- [Problem description]: Apart from the images, repeat the data below exactly as written.

- [Provided data]:
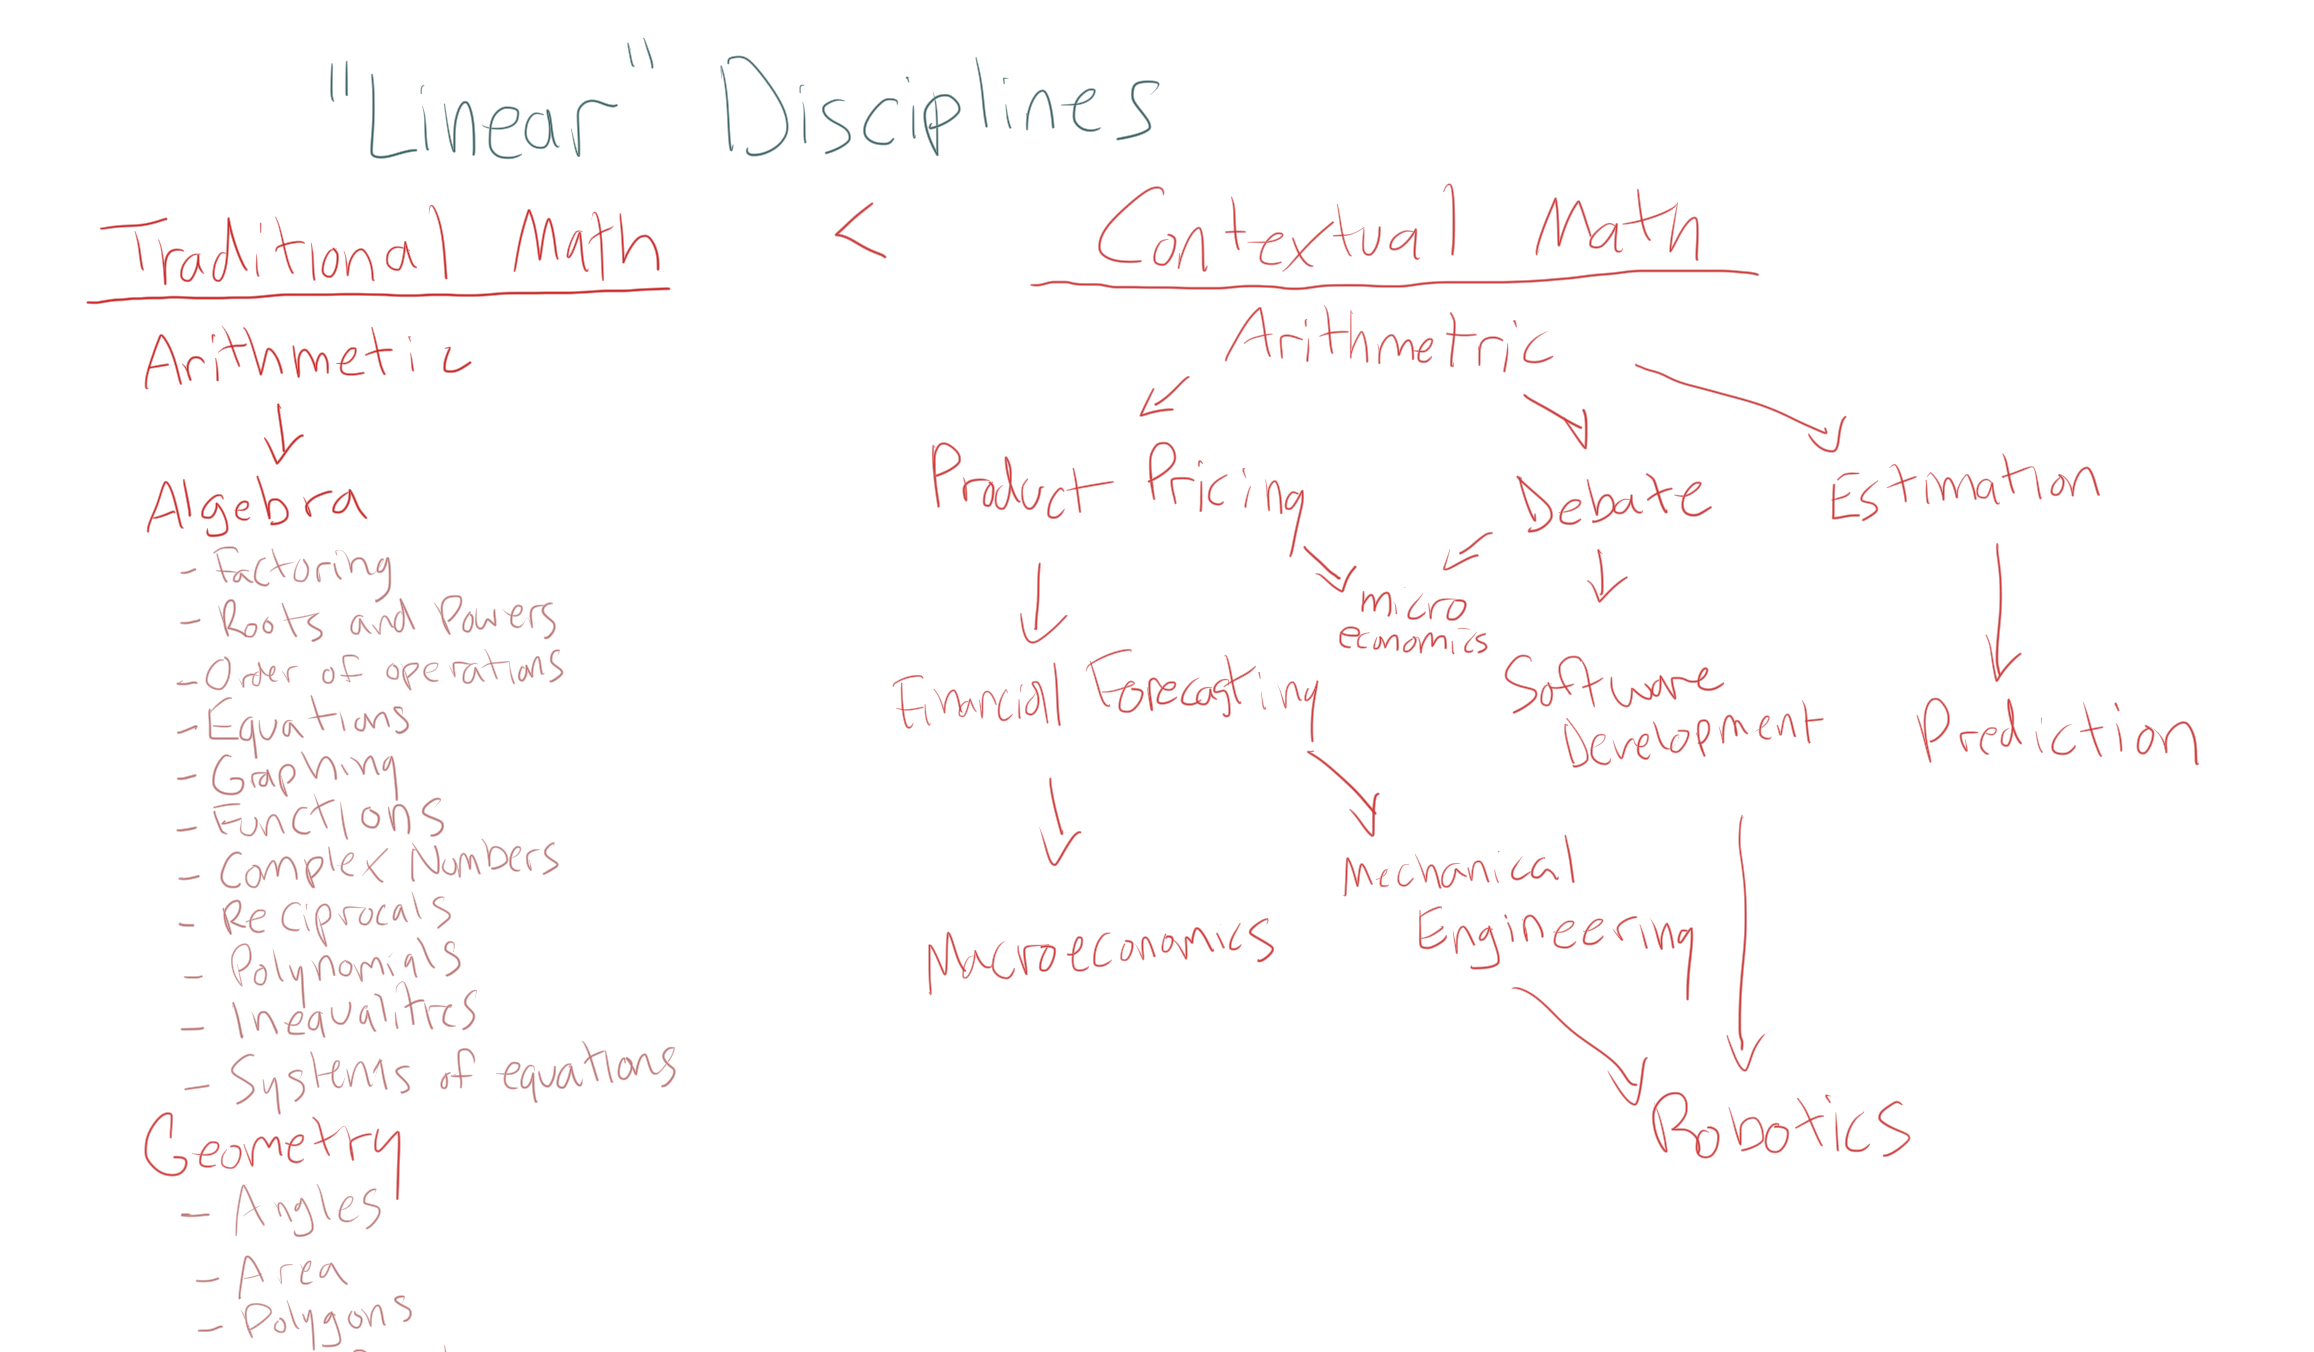 Linear disciplines
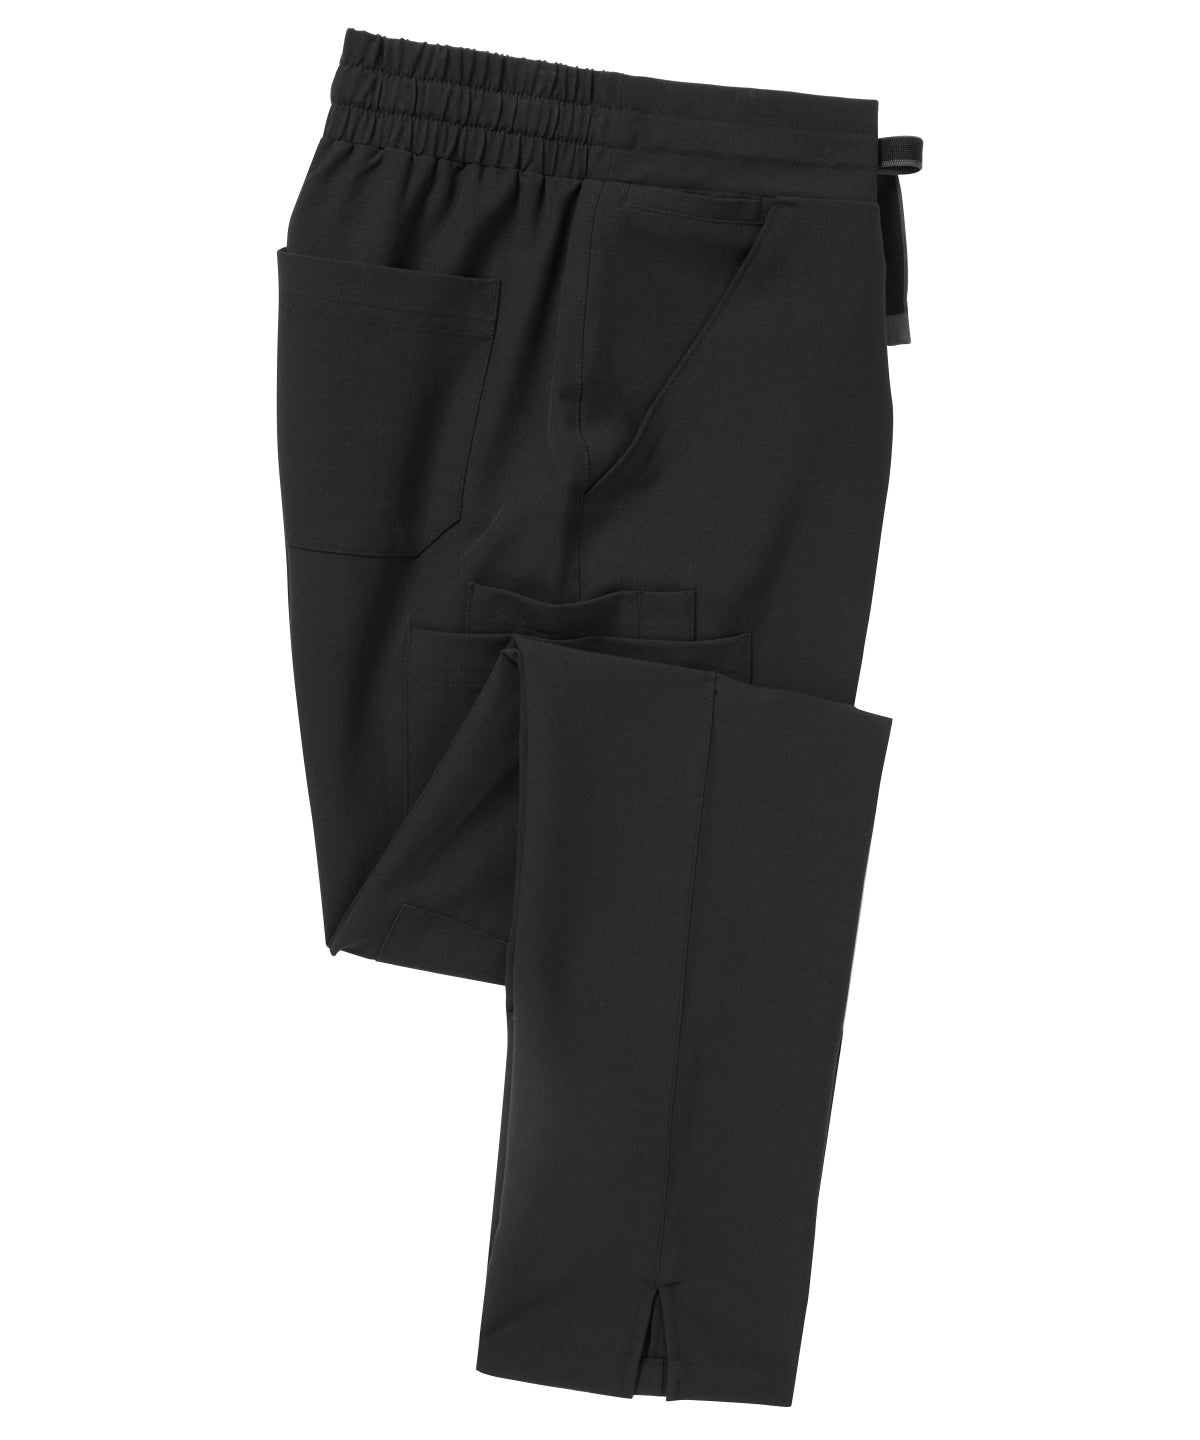 Onna by Premier Women’s 'Relentless' Onna-stretch cargo pants
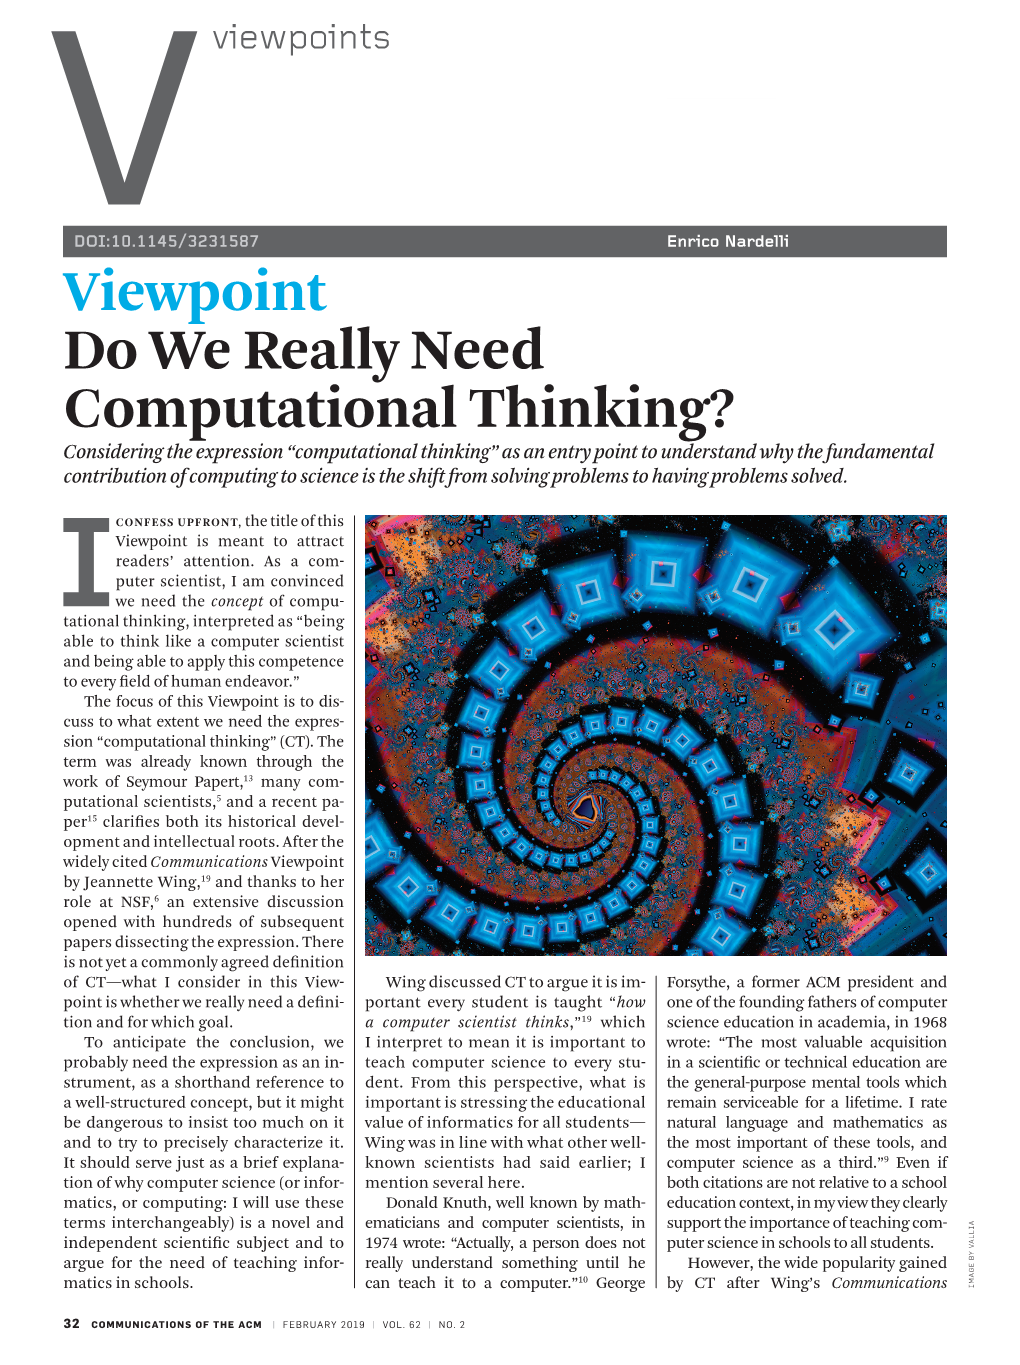 Viewpoint Do We Really Need Computational Thinking?
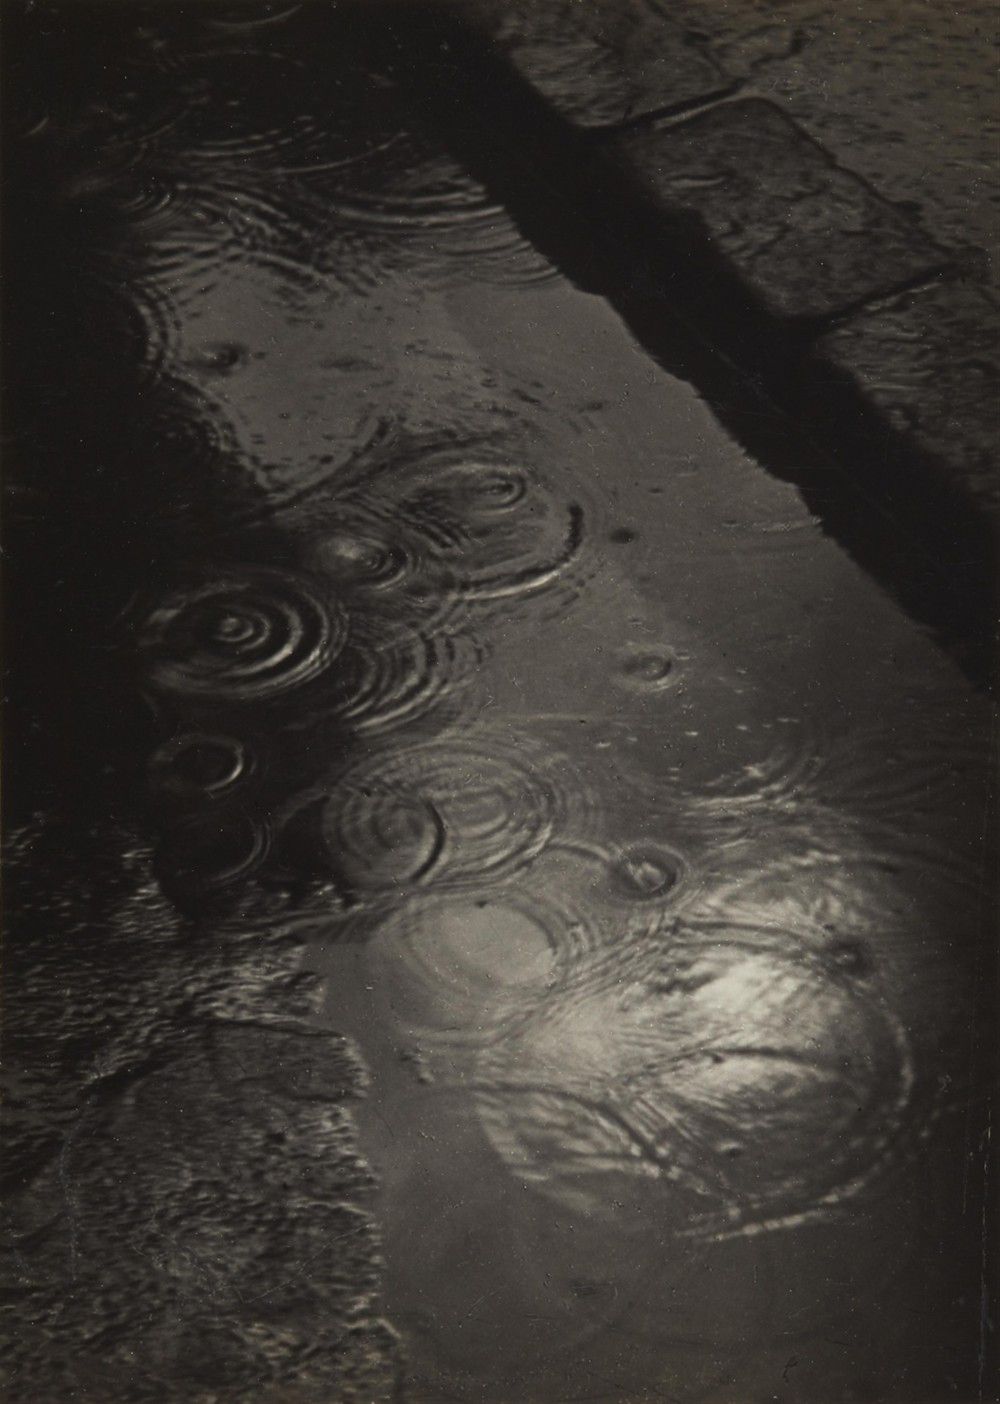 imre kinszki, esőcseppek, budapest, gelatin silver print, 1934; (15.6 cm x 17.4 cm) private collection

- [Completed exercise]:
 Linear disciplines
 Onna by Premier Women’s 'Relentless' Onna-stretch cargo pants
 Viewpoint Do We Really Need Computational Thinking?
 imre kinszki, esőcseppek, budapest, gelatin silver print, 1934; (15.6 cm x 17.4 cm) private collection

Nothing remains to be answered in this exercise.